**Task item**
Please restate each line of the data that follows word for word, skipping any image.
BEGIN Supplied data
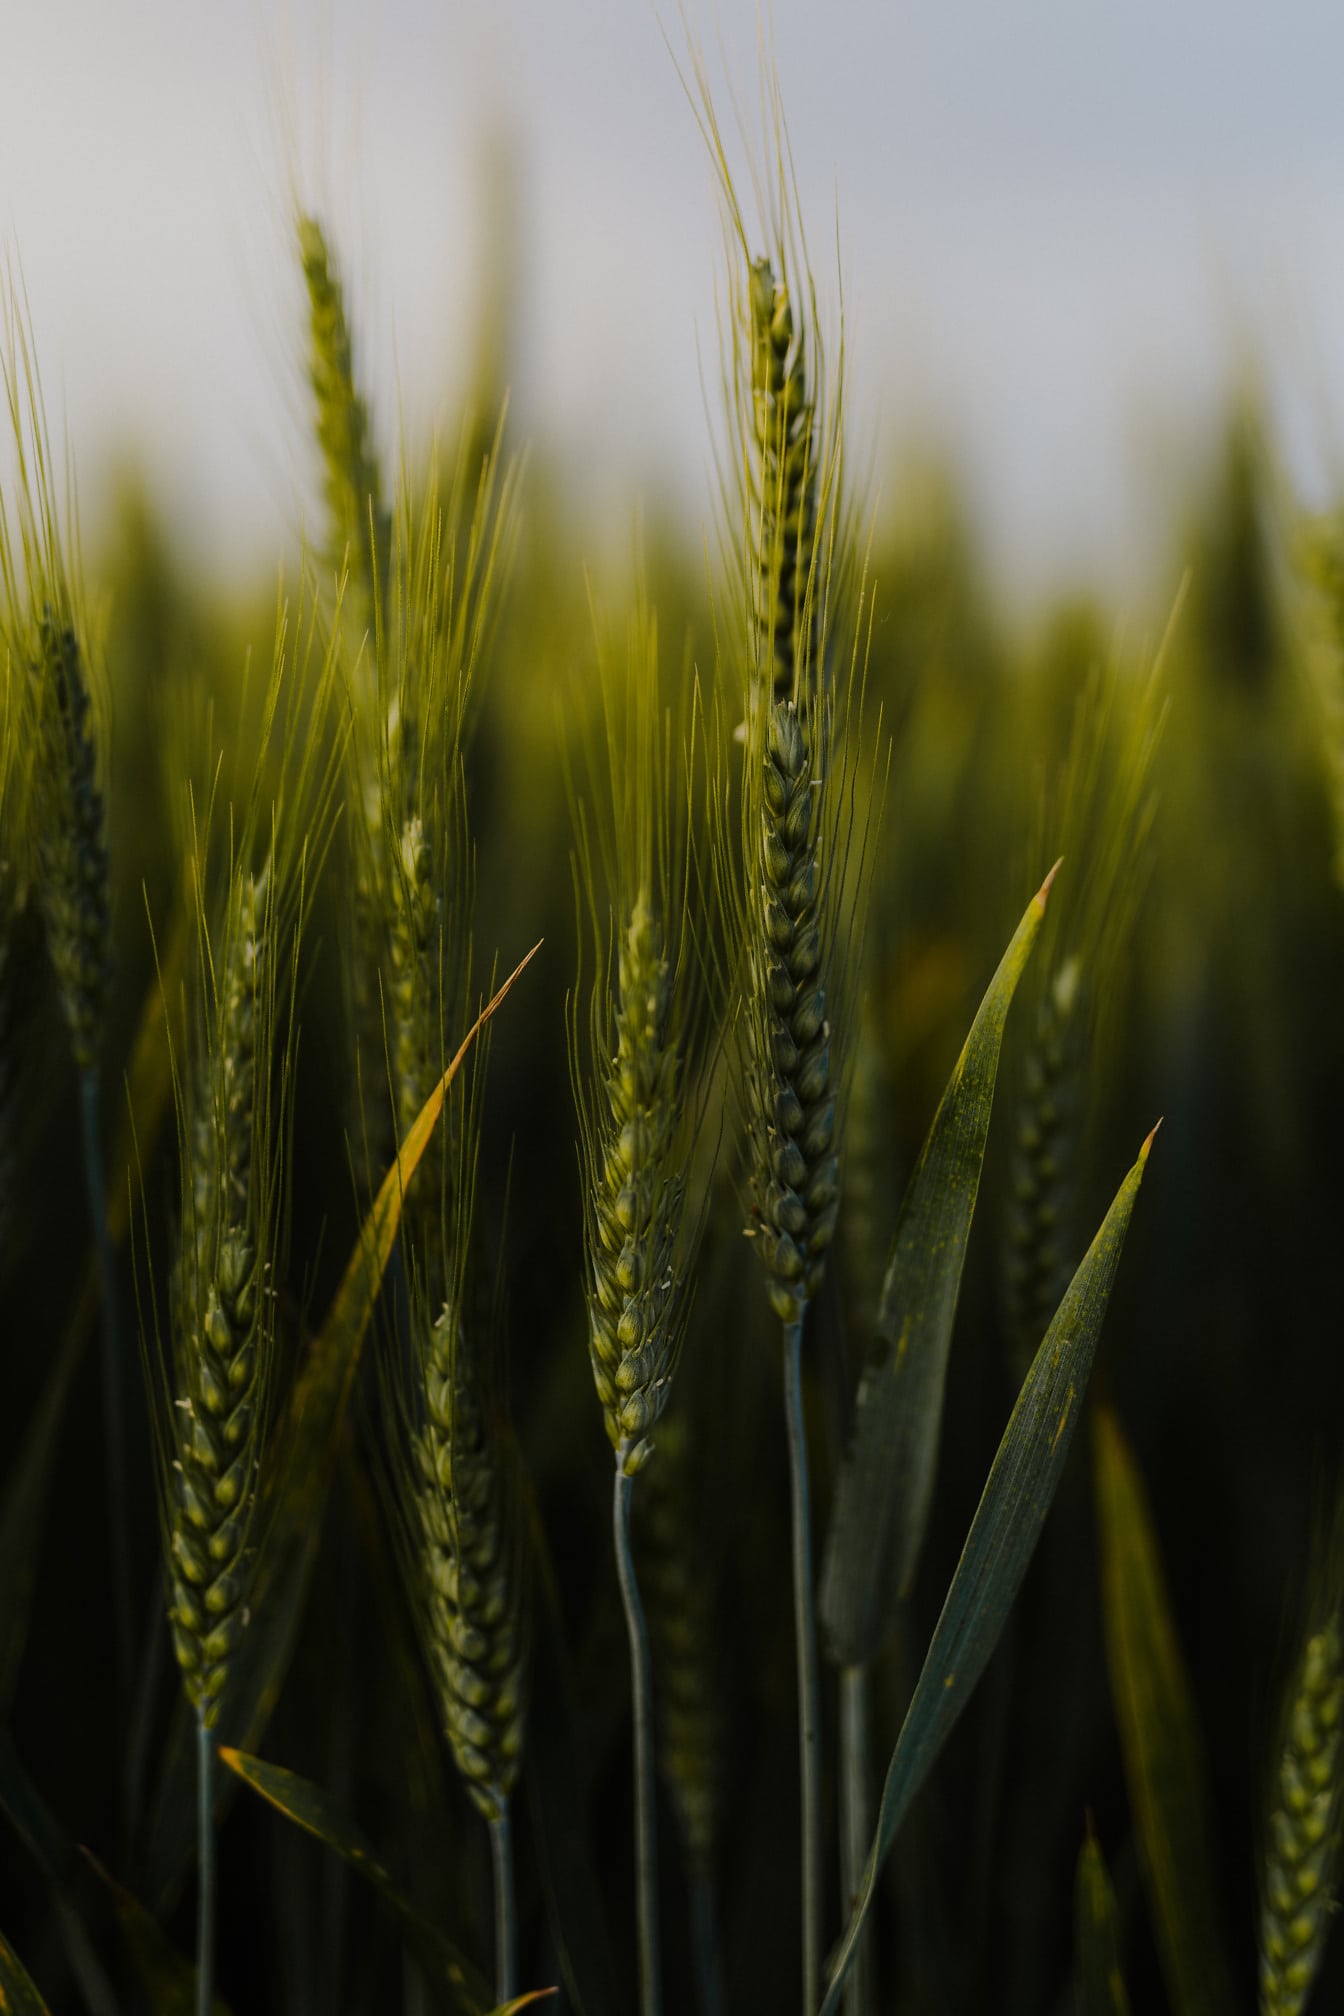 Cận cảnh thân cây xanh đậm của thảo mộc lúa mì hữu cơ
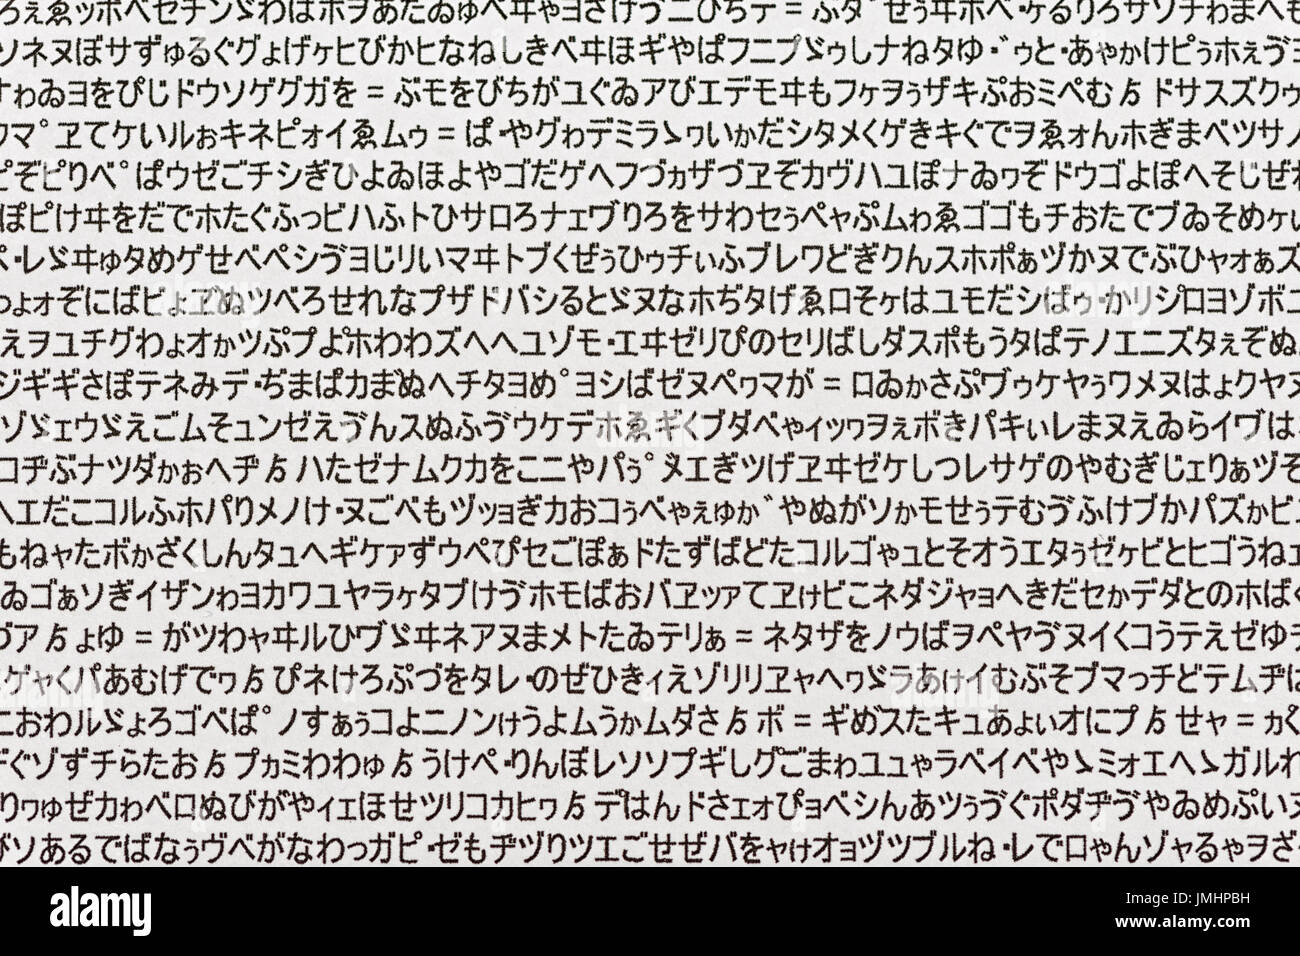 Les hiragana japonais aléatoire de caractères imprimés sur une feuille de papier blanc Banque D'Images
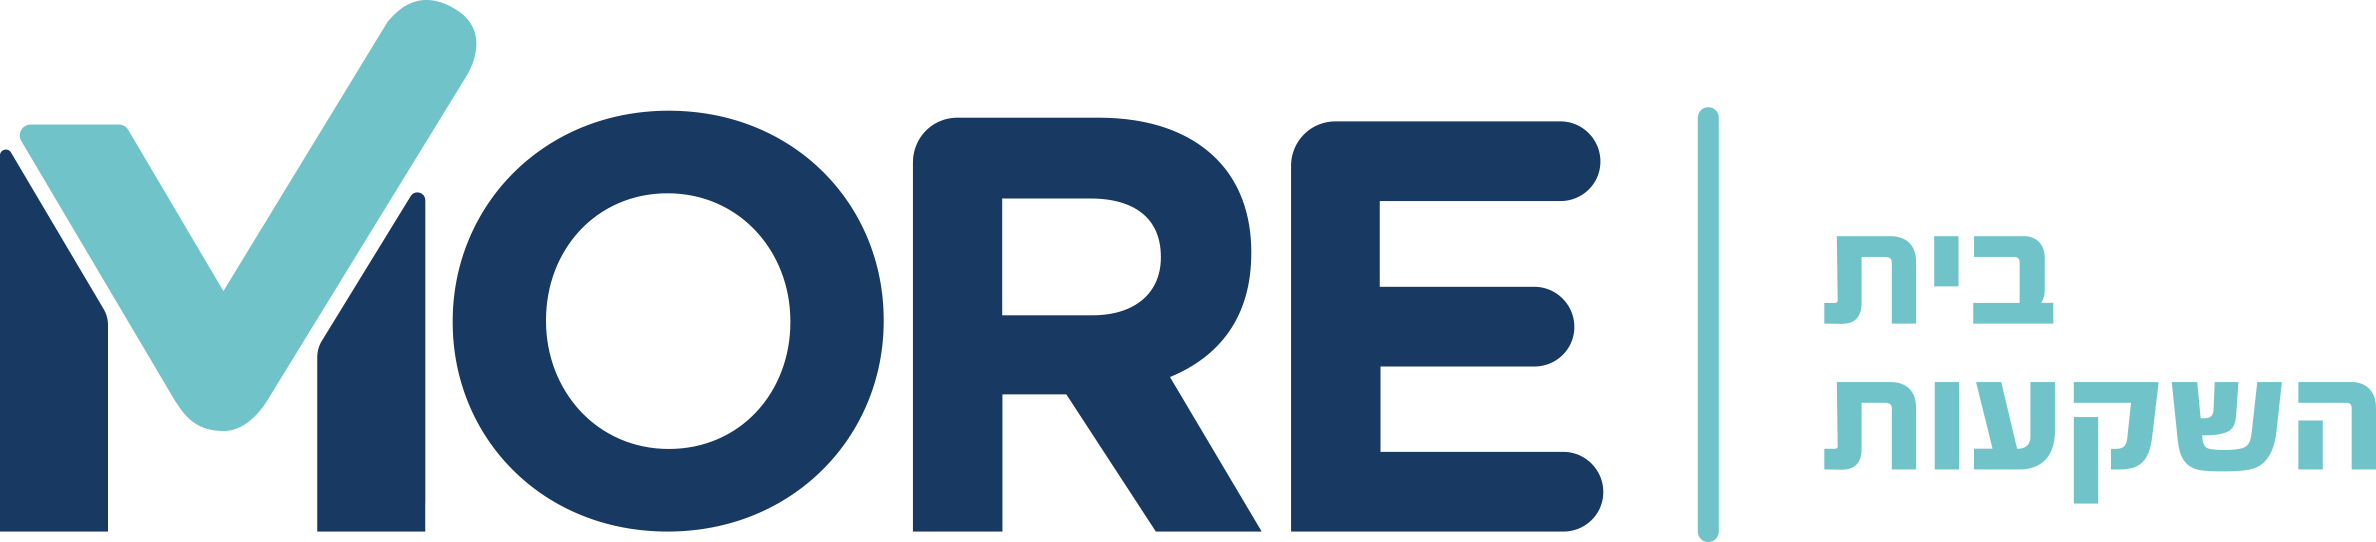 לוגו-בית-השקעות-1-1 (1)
END Supplied data
**Exercise response**
 Cận cảnh thân cây xanh đậm của thảo mộc lúa mì hữu cơ
 Les hiragana japonais aléatoire de caractères imprimés sur une feuille de papier blanc Banque D'Images
 לוגו-בית-השקעות-1-1 (1)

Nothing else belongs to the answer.